#### [Recorded information]
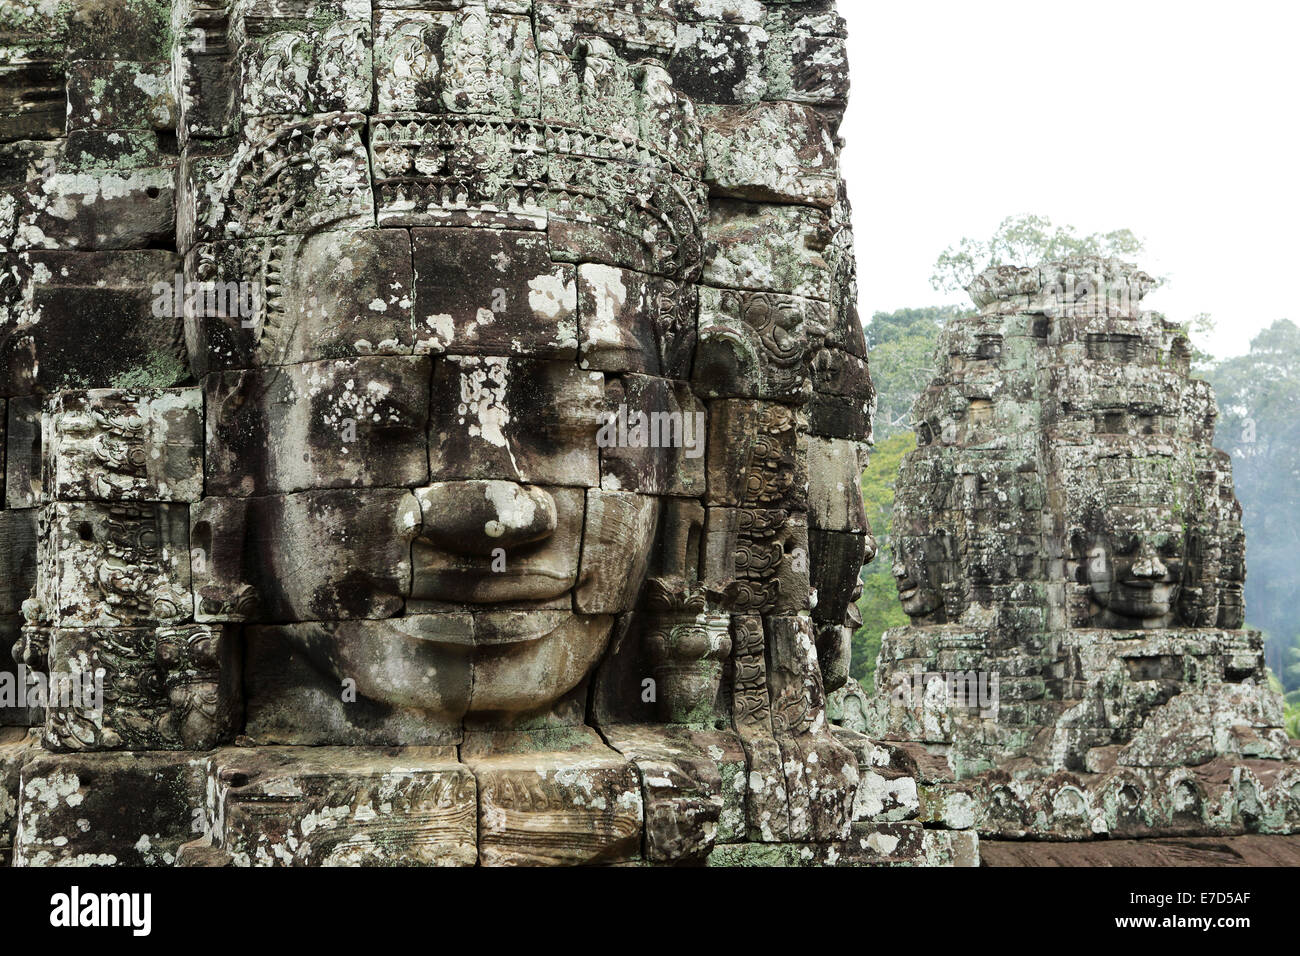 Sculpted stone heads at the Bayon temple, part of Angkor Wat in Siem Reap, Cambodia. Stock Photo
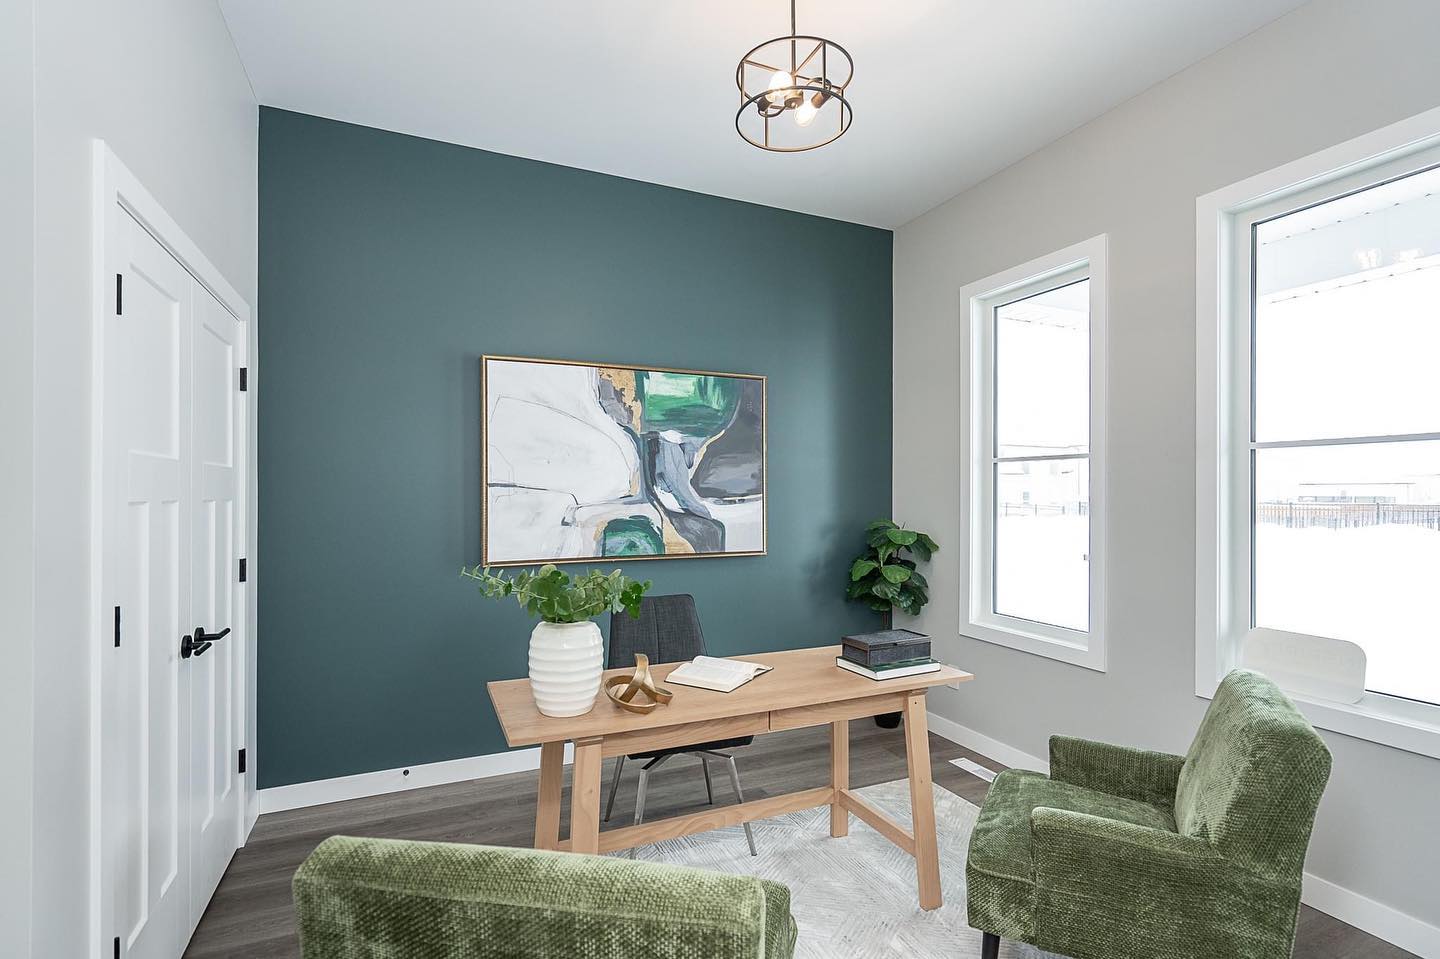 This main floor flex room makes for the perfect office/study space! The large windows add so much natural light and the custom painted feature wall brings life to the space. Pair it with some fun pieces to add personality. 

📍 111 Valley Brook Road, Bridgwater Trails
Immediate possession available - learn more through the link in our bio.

#### [Your objective]
Reproduce the data exactly, please, and omit its pictures.

#### [Response]
 Sculpted stone heads at the Bayon temple, part of Angkor Wat in Siem Reap, Cambodia. Stock Photo
 This main floor flex room makes for the perfect office/study space! The large windows add so much natural light and the custom painted feature wall brings life to the space. Pair it with some fun pieces to add personality. 

📍 111 Valley Brook Road, Bridgwater Trails
Immediate possession available - learn more through the link in our bio.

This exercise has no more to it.